== Segment start ==

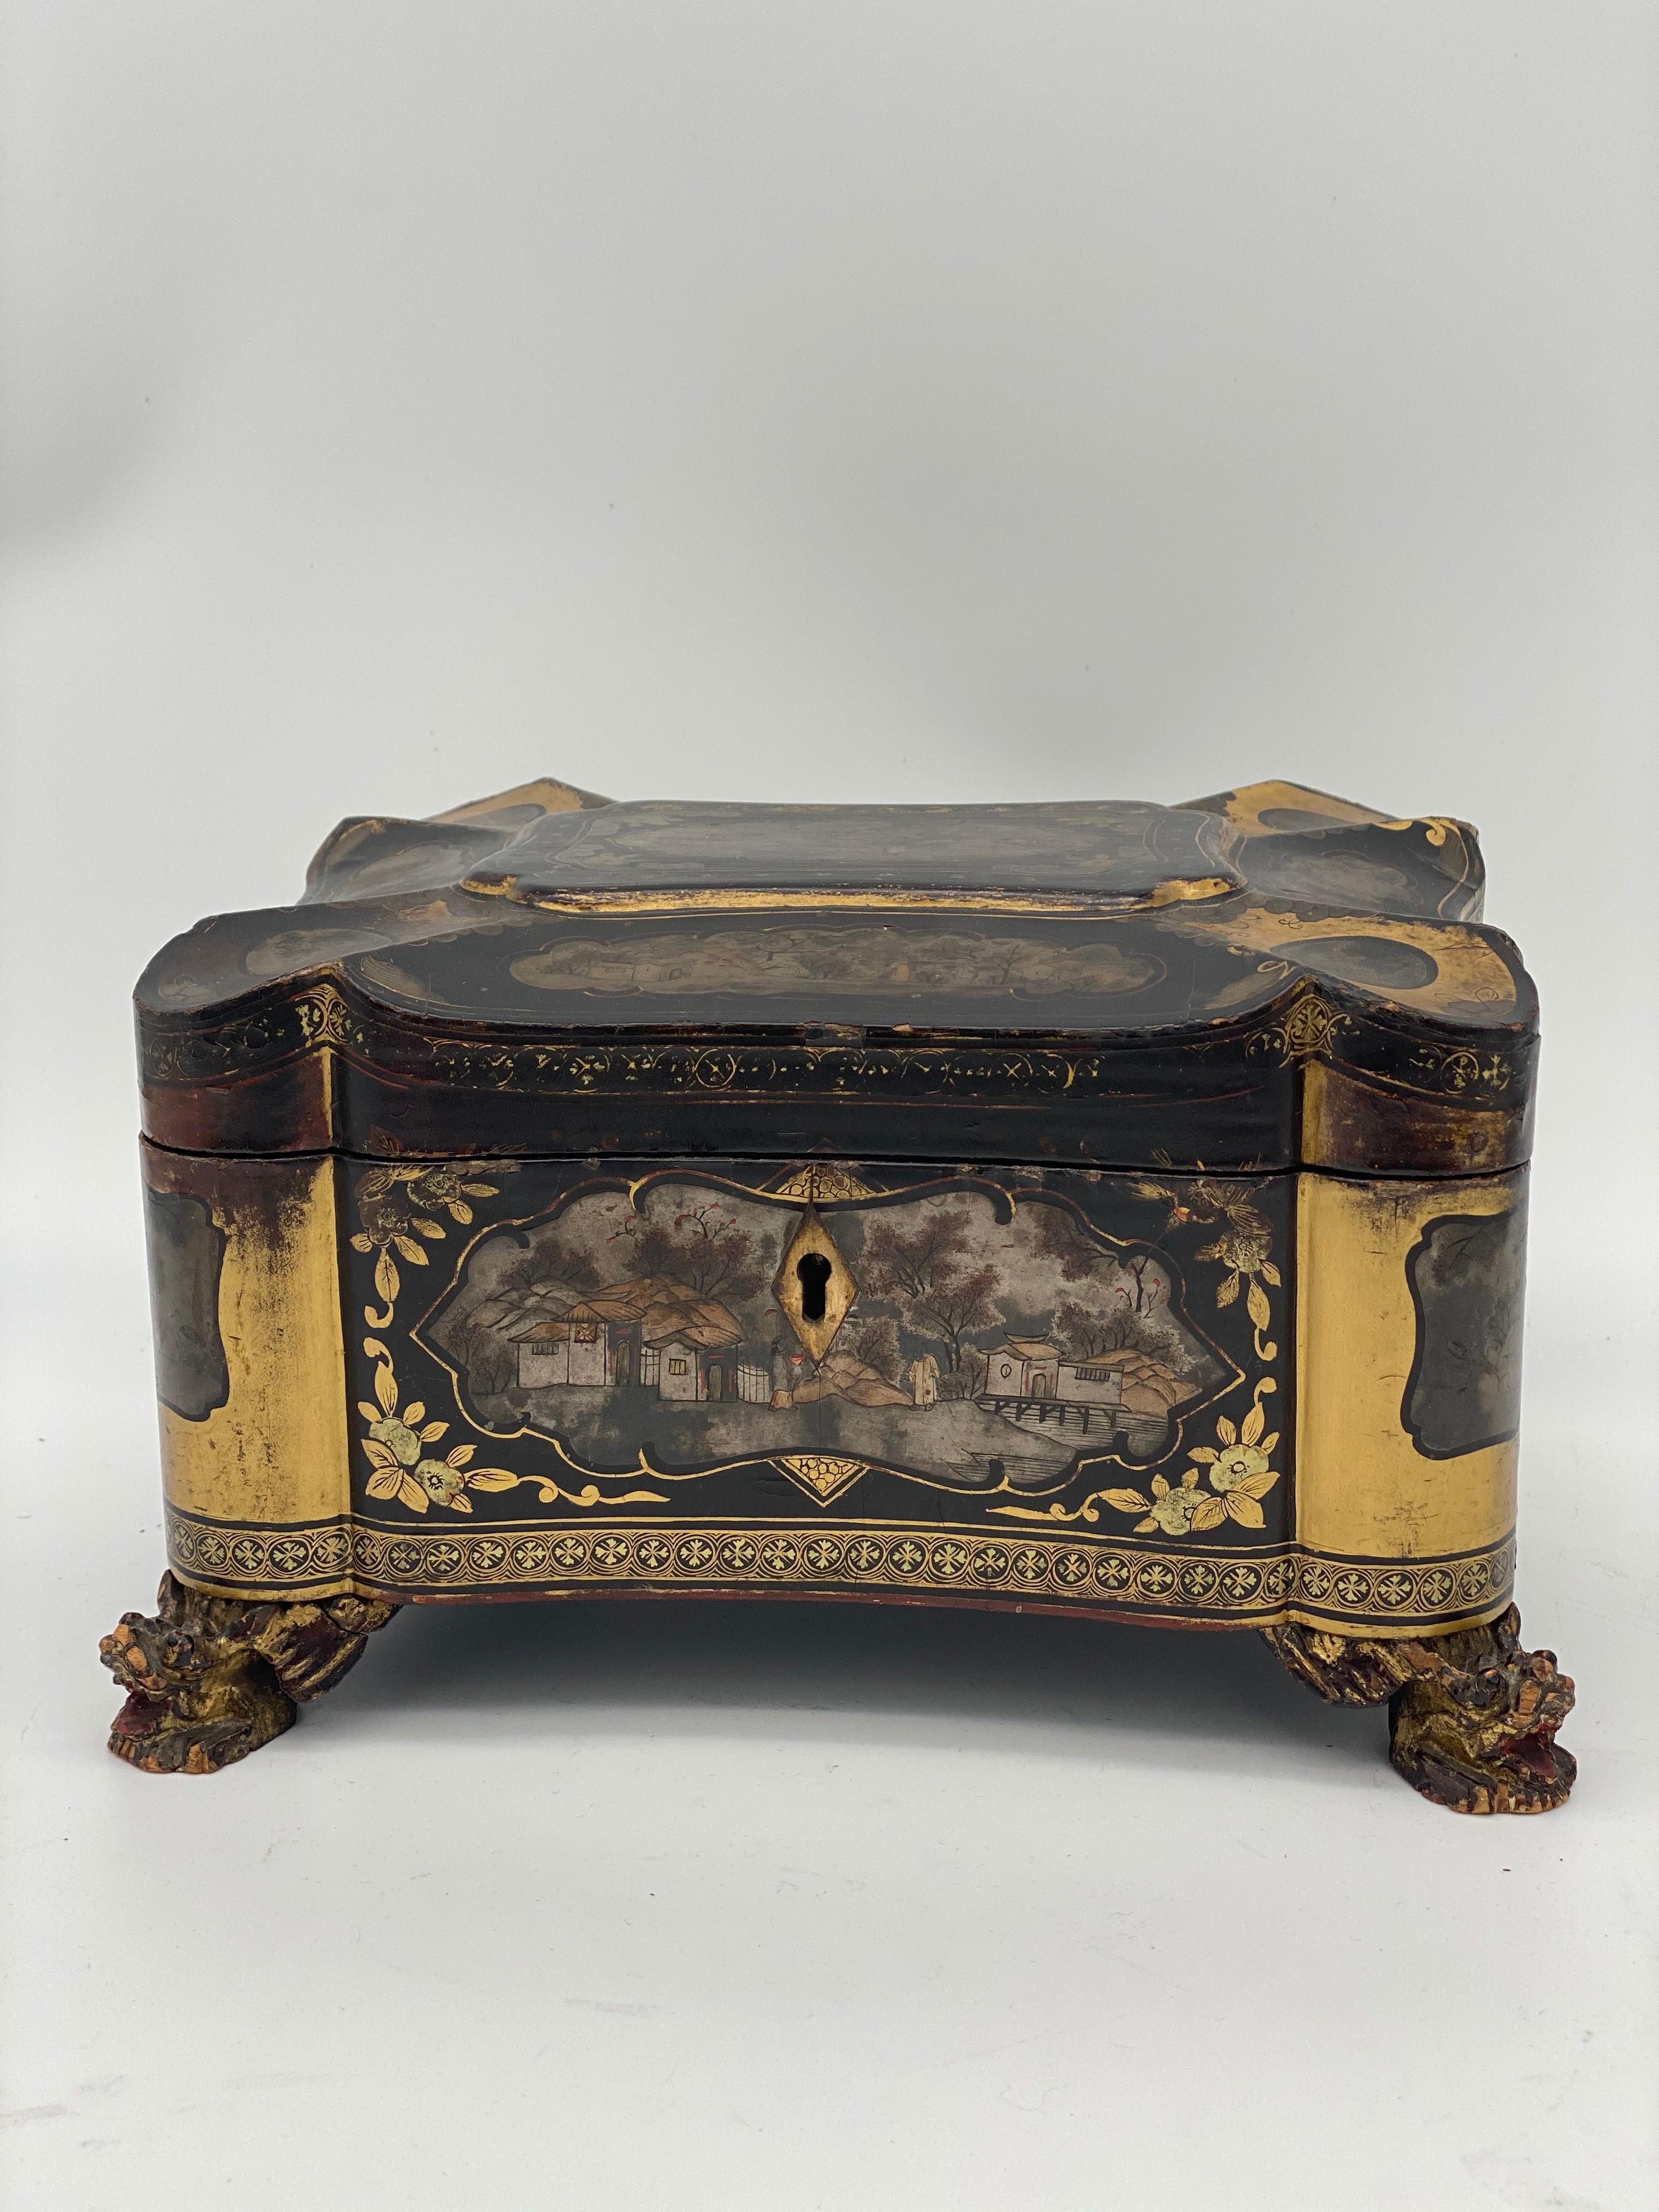 19th century golden black lacquer Chinese tea caddy with a key, the rectangular-section body decorated with panels of landscapes and patterned decoration throughout retains original hardware and is set upon carved foo lion feet, very beautiful
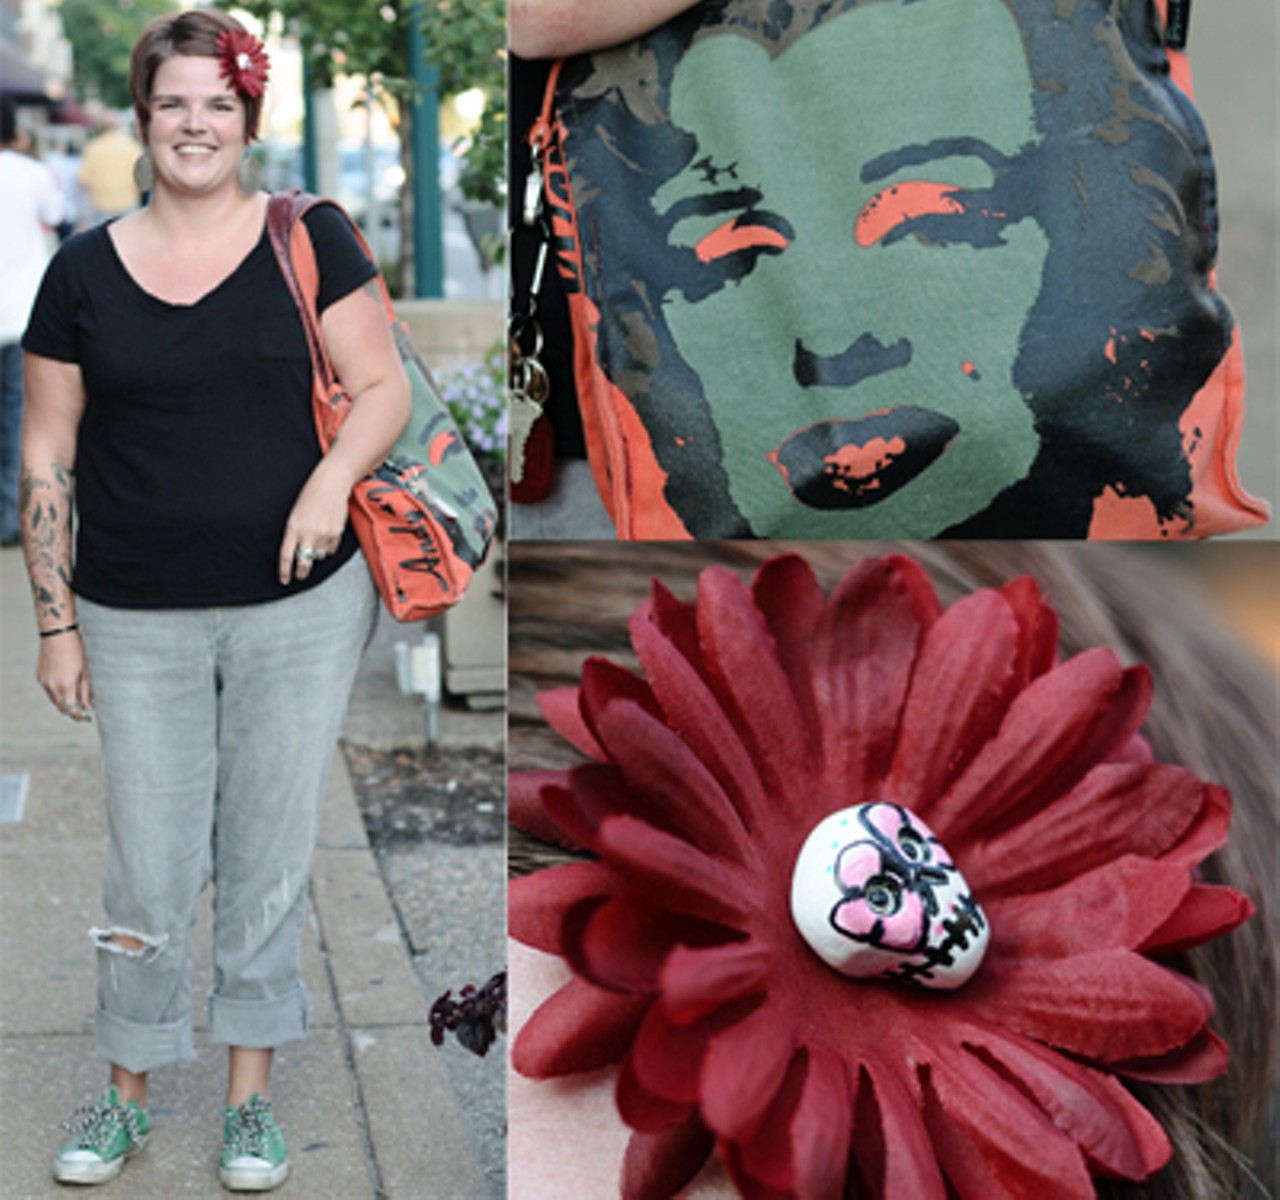 Amanda, 29, Tower Grove Park
Hair Clip: "Day of the Dead" Bobby Pin. Purchased from the Mad Art Gallery show because she wanted a "big hardcore flower." Bag: A thrift store find for $10. Bought because "Andy Warhol is God."
Summer Style: "Be that character." Today's look is I-don't-give-a-shit day....but still cute.

== Segment end ==

**Instructions to follow**
Leaving out only the pictures, return the material above unchanged.

**Task result**
 19th century golden black lacquer Chinese tea caddy with a key, the rectangular-section body decorated with panels of landscapes and patterned decoration throughout retains original hardware and is set upon carved foo lion feet, very beautiful
 Amanda, 29, Tower Grove Park
Hair Clip: "Day of the Dead" Bobby Pin. Purchased from the Mad Art Gallery show because she wanted a "big hardcore flower." Bag: A thrift store find for $10. Bought because "Andy Warhol is God."
Summer Style: "Be that character." Today's look is I-don't-give-a-shit day....but still cute.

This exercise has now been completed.